Reply Thu 30 Oct, 2008 09:13 am
@boagie,
boagie;30114 wrote:
Pangloss,Smile
When someone gives in a charitable way, there are two people being served.


YES!!!!! And the 'self' expands beyond 'it's synapses' to become something greater then itself!
 
jgweed
 
Reply Thu 30 Oct, 2008 09:43 am
@Ruthless Logic,
The firing off of synapses in the brain cannot be seen as random for that would not account for learning or memory or meaning, no matter how intriguing a mental picture (or Disney-like cartoon) this might be.
Certain paths seem to be "hard wired" into our brains in common with other animals; these we call instinct (e.g. self-survival). Others seem to be learned (using a fork) from society or from individual repetition; these we call habits, and habits depend upon "memory."
Here, one could conclude that the causes of these simple actions are only materially caused by electrical currents running through the cranium, and their paths by other causes. It is, and is not, the individual lines of a complex program that cause it to function, for it needs a set of rules and instructions and then a goal.
 
Mr Fight the Power
 
Reply Thu 30 Oct, 2008 10:45 am
@jgweed,
jgweed wrote:
The firing off of synapses in the brain cannot be seen as random for that would not account for learning or memory or meaning, no matter how intriguing a mental picture (or Disney-like cartoon) this might be.
Certain paths seem to be "hard wired" into our brains in common with other animals; these we call instinct (e.g. self-survival). Others seem to be learned (using a fork) from society or from individual repetition; these we call habits, and habits depend upon "memory."
Here, one could conclude that the causes of these simple actions are only materially caused by electrical currents running through the cranium, and their paths by other causes. It is, and is not, the individual lines of a complex program that cause it to function, for it needs a set of rules and instructions and then a goal.

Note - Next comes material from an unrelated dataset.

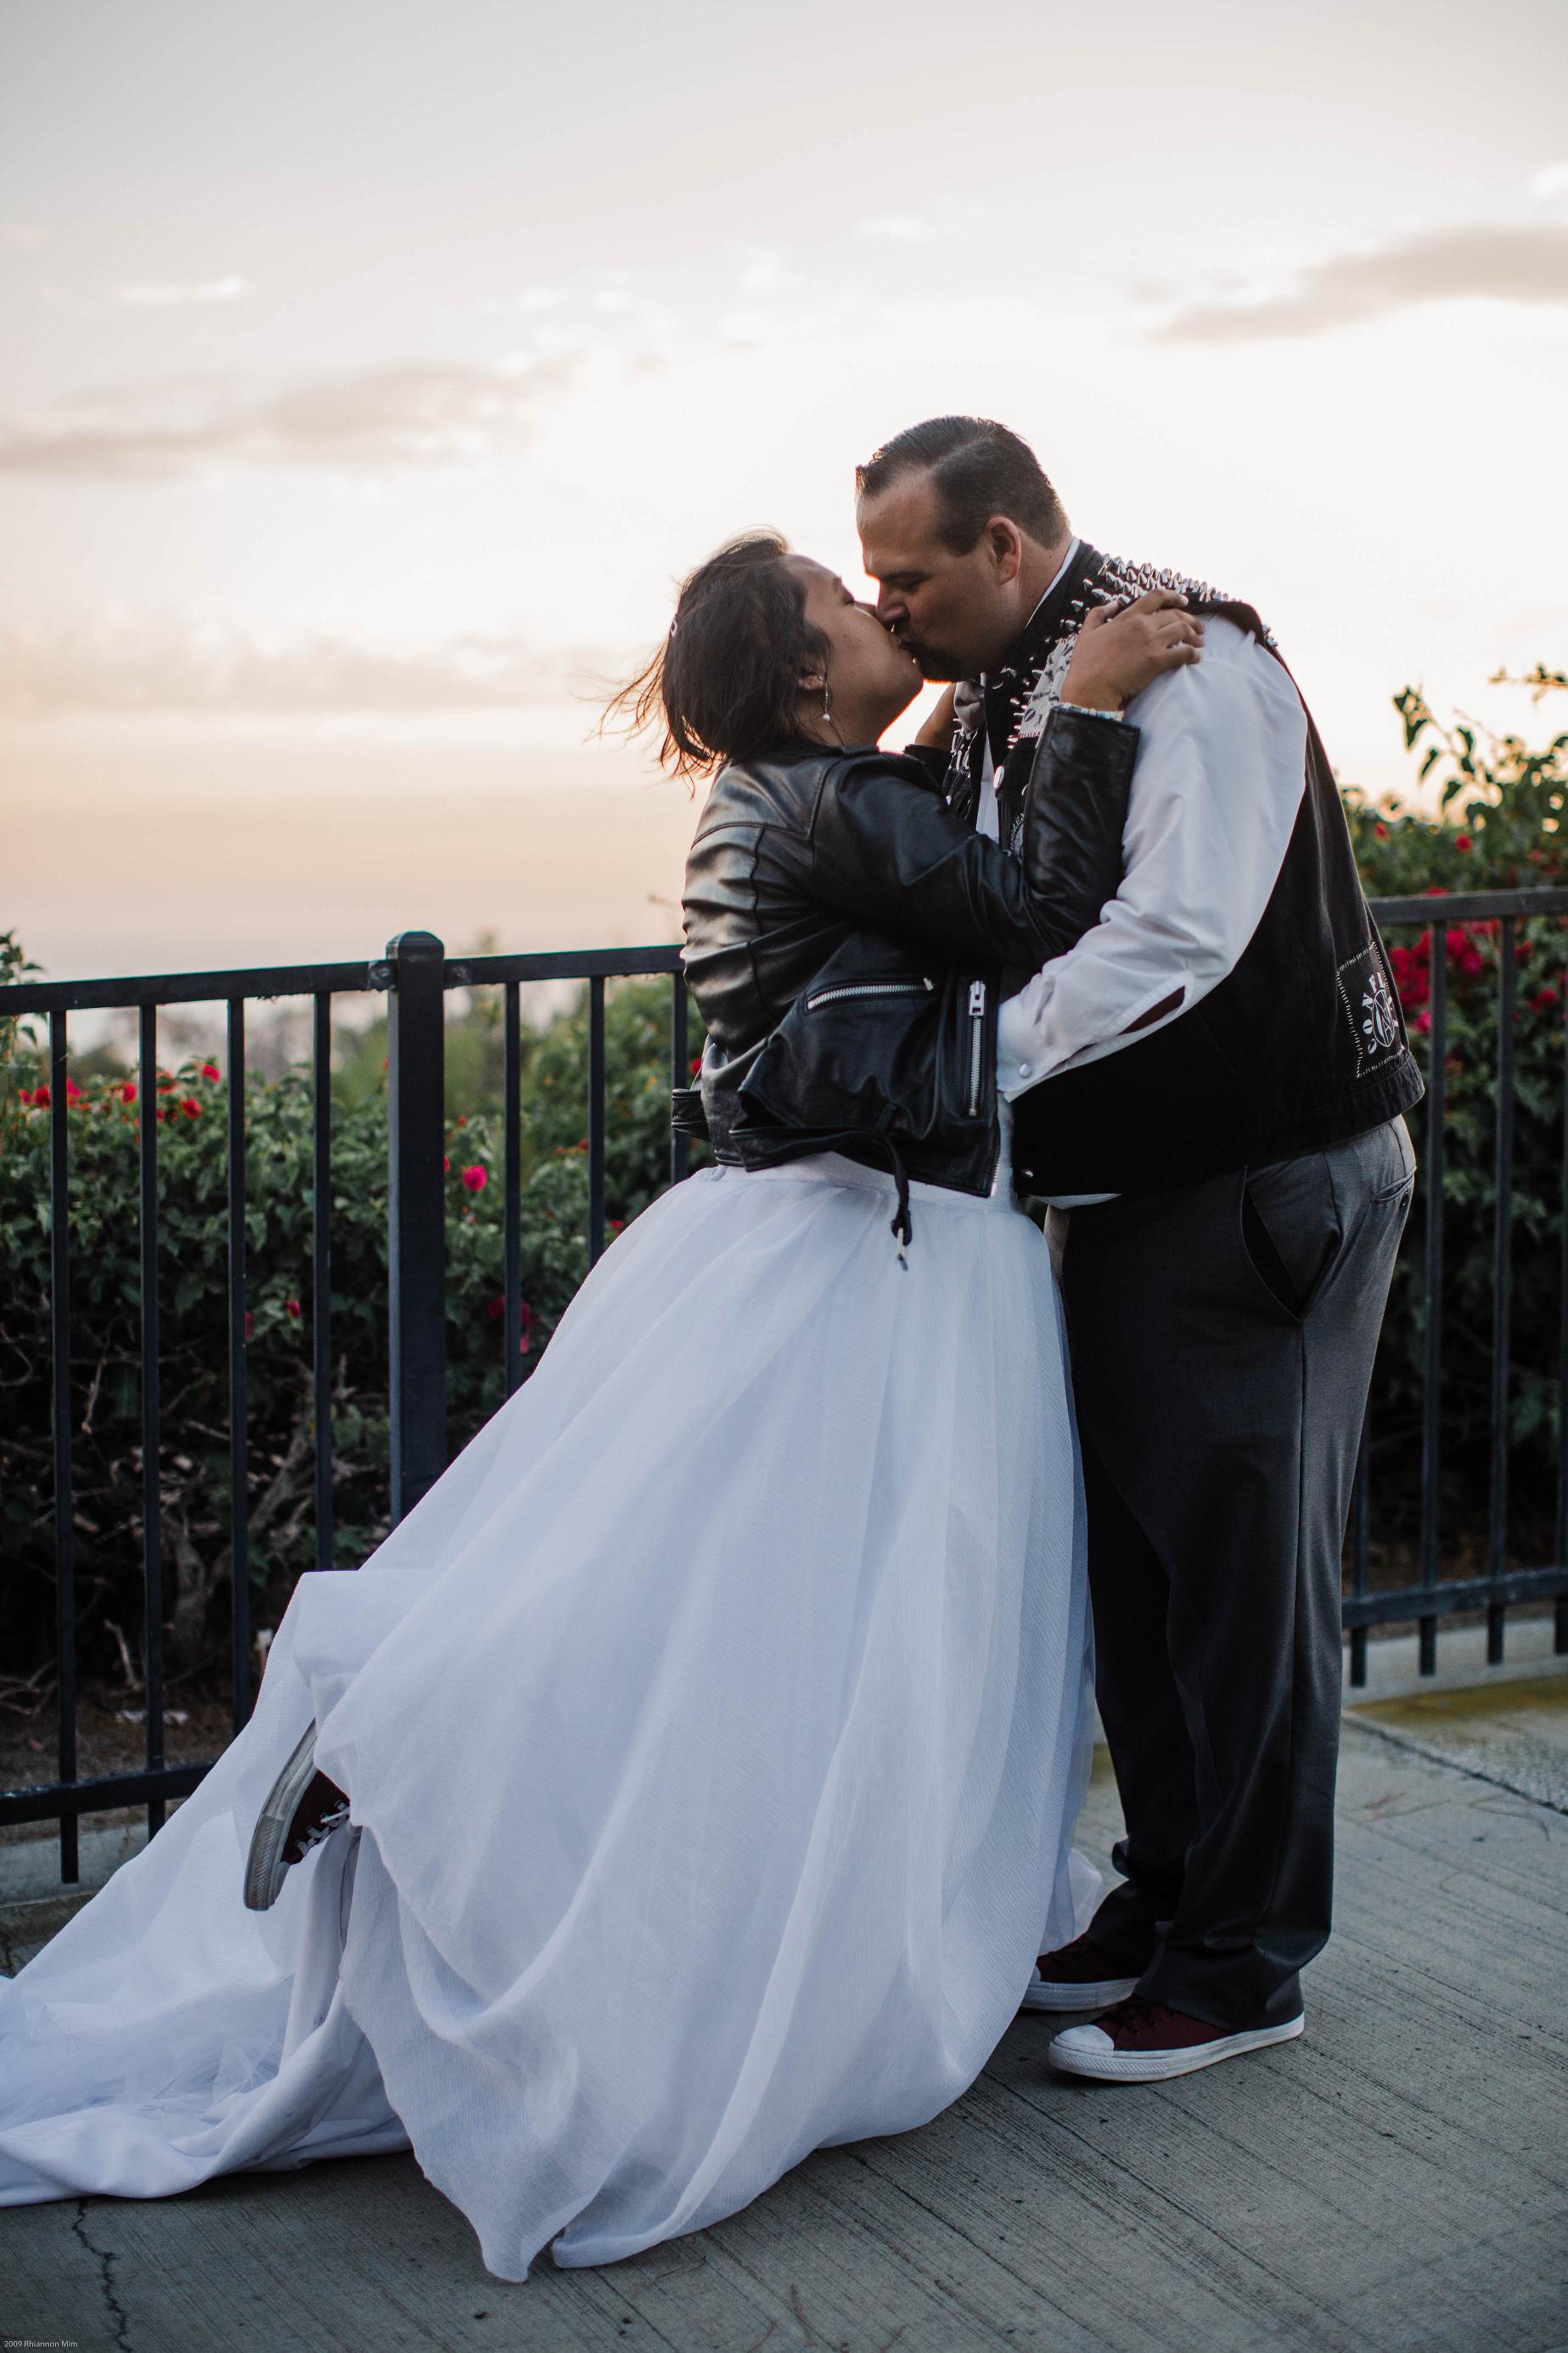 20170909_Wedding_1322

The existence of a set of rules does not imply a goal.
 
Ruthless Logic
 
Reply Thu 30 Oct, 2008 11:26 am
@Mr Fight the Power,
As for Ruthless' continued assertion that my discussion is motivated by moral idealism, I'd ask him to point out where I say anything about the merits or demerits of altruism in this discussion. I happen to be a huge fan of Nietzsche's argument against altruism, which is found in Genealogy of Morals, specifically because I agree with Nietzsche that there is no transcendent good that justifies altruism. While I am indeed in favor of altruistic acts, I think that comes from our social nature and has nothing to do with absolute good or evil.(quote)

Wow, I think you got it! Let me add a quote of mine that I posted awhile ago. " Liberalism or Carelessness = The desire to indulge in idealism, while subjected to the constraints of the human condition, an unable to reconcile the realization". You my friend have finally arrived at enlightenment thru the process of reconciliation.

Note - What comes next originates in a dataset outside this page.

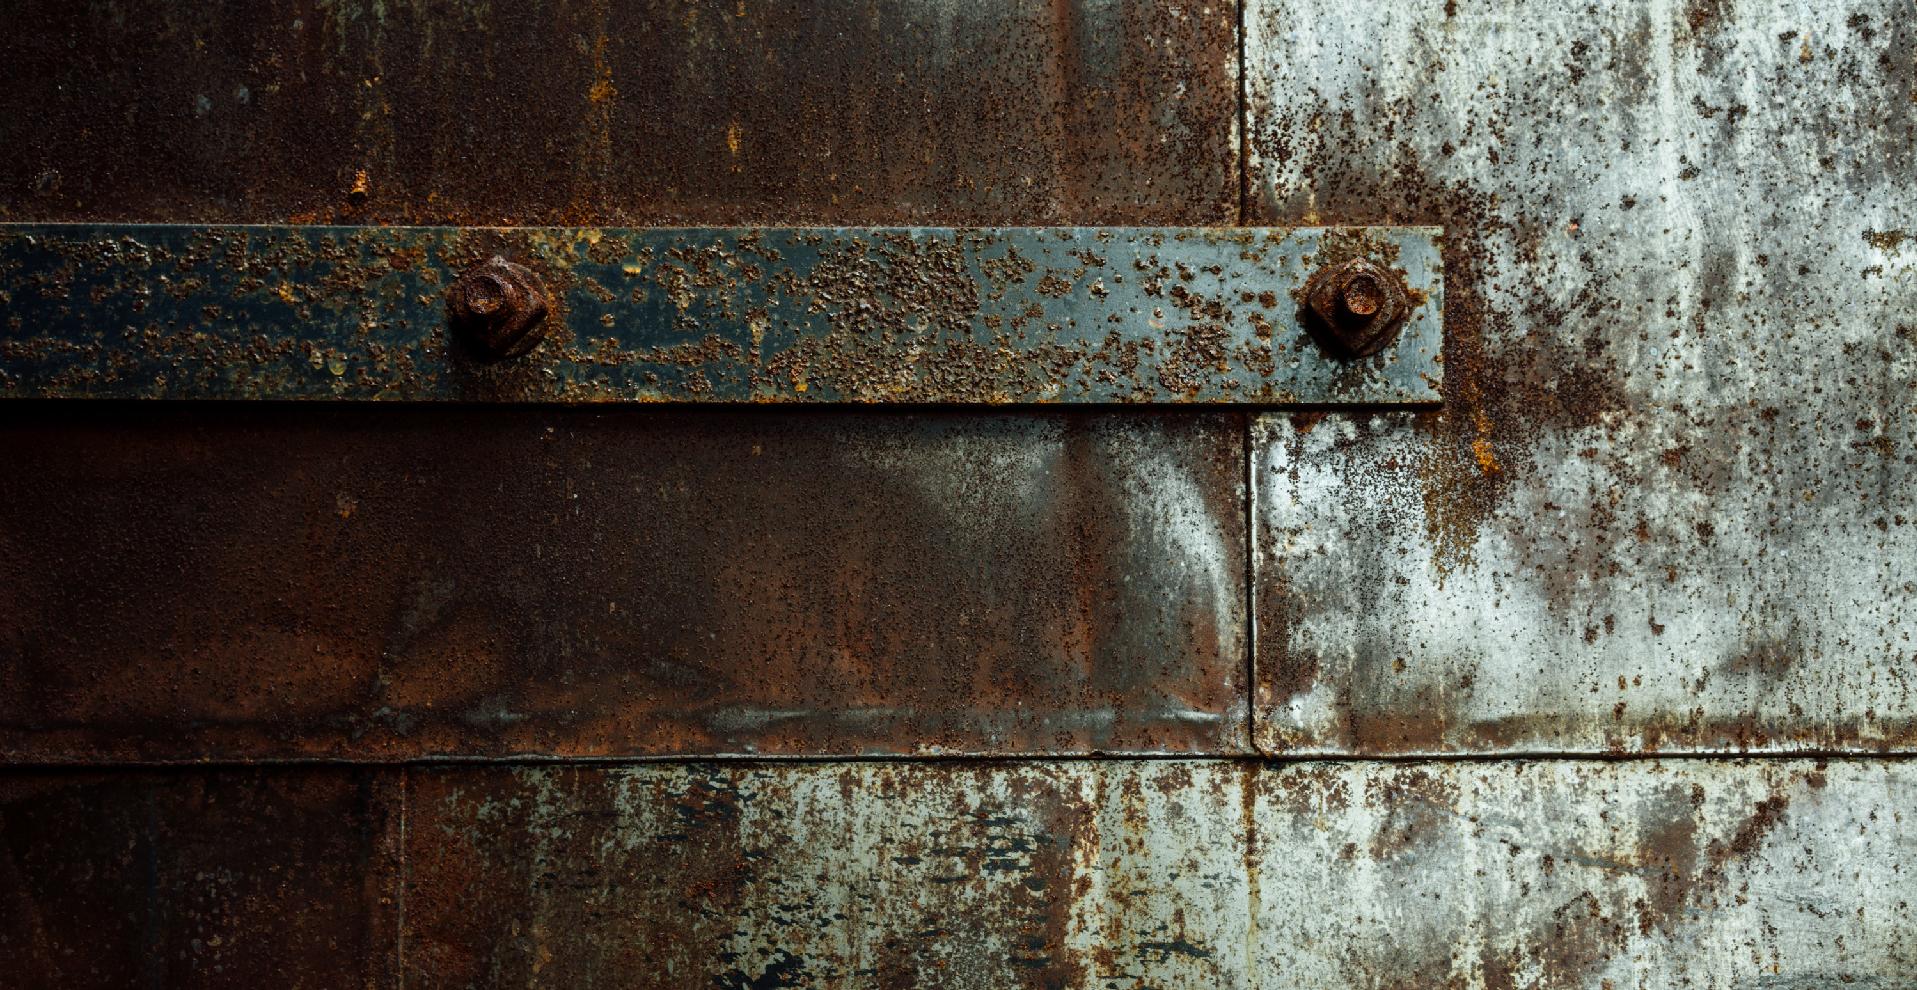 rudd_caves_doors-01.jpg

P.S. I will post later (due to time constraint) on the implications of not understanding the human axiom of self-interest and the catastrophic human events that have transpired, because of the lack of understanding the sequence of self-interest.

__________________
 
Mr Fight the Power
 
Reply Thu 30 Oct, 2008 11:43 am
@Ruthless Logic,
Quote:
Wow, I think you got it! Let me add a quote of mind that I posted awhile ago. " Liberal Ideology or Carelessness = The desire to indulge in idealism, while subjected to the constraints of the human condition, an unable to reconcile the realization". You my friend have finally arrived at enlightenment thru the process of reconciliation.


P.S. I will post later (due to time constraint) on the implications of not understanding the human axiom of self-interest and the catastrophic human events that have transpired, because of the lack of understanding the sequence of self-interest.

__________________


You do realize that within that post he still outright denied your "Human Axiom of Self-Interest" don't you?

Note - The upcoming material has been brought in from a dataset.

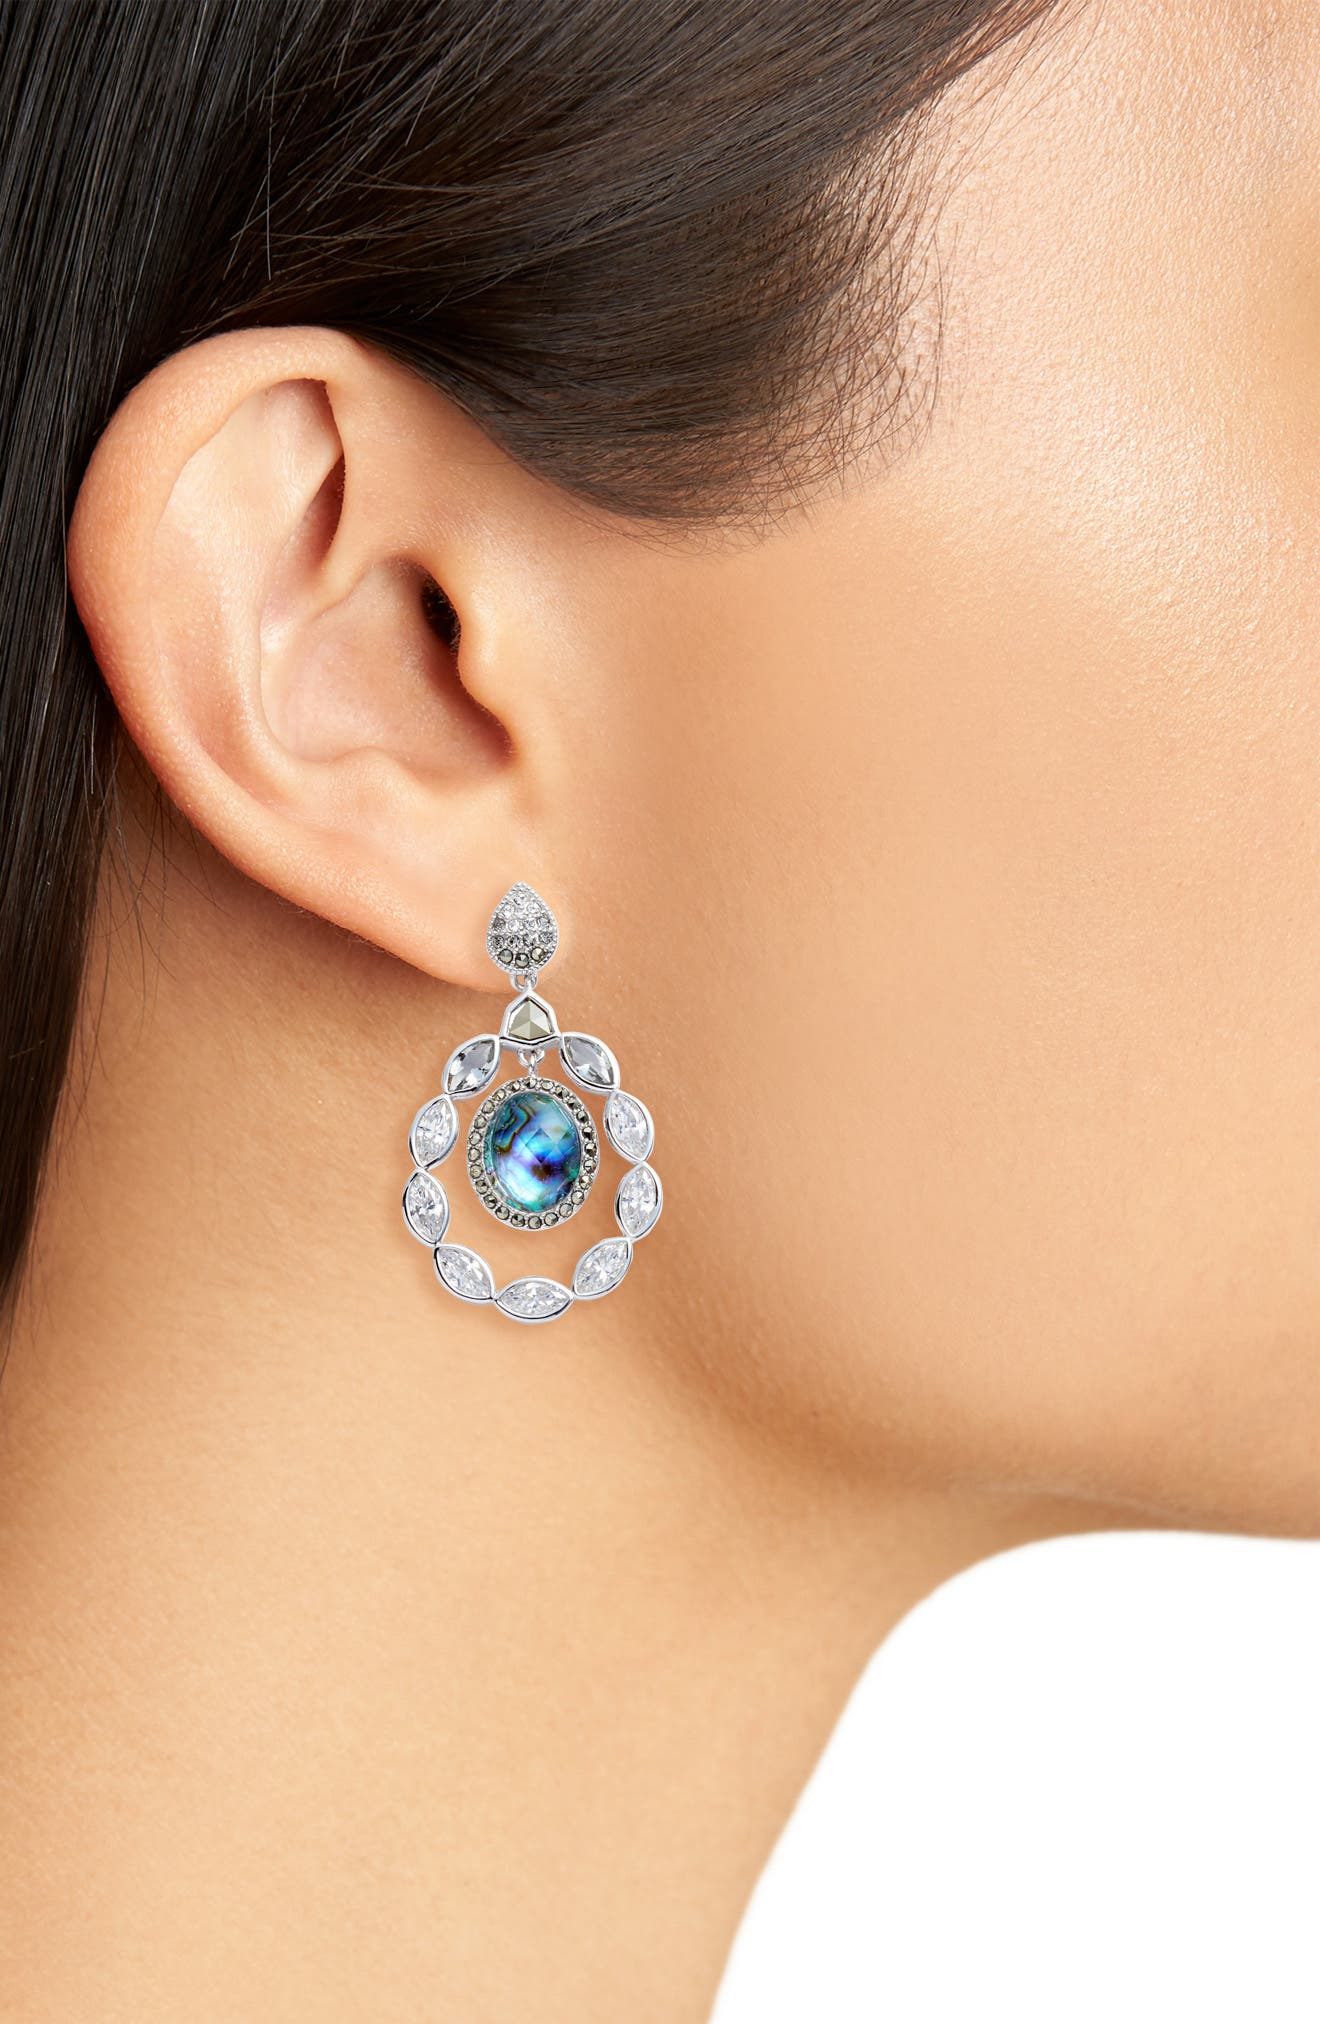 Crystal Drop Earrings,                             Alternate thumbnail 2, color,                             400

He acknowledges that humans can be altruistic, he simply states that it occurs due to our nature as social animals and not some moral code.
 
Mr Fight the Power
 
Reply Thu 30 Oct, 2008 11:49 am
@Pangloss,
Pangloss wrote:
Or we have a person who is acting on the desire to preserve/build his own "honor" in the eyes of others, which would not be a selfless action. A "coward" who would run from the situation and avoid self-sacrifice has simply decided that his physical health is more important than his honor/social repute. But both options involve acting on self-interest. A person who "does good" also benefits psychologically, and this is proven (increases dopamine levels or something). Altruism involves selfless action, and for someone to be truly selfless, they would need to be performing the will without any benefit, including feeling good or elevating their mood.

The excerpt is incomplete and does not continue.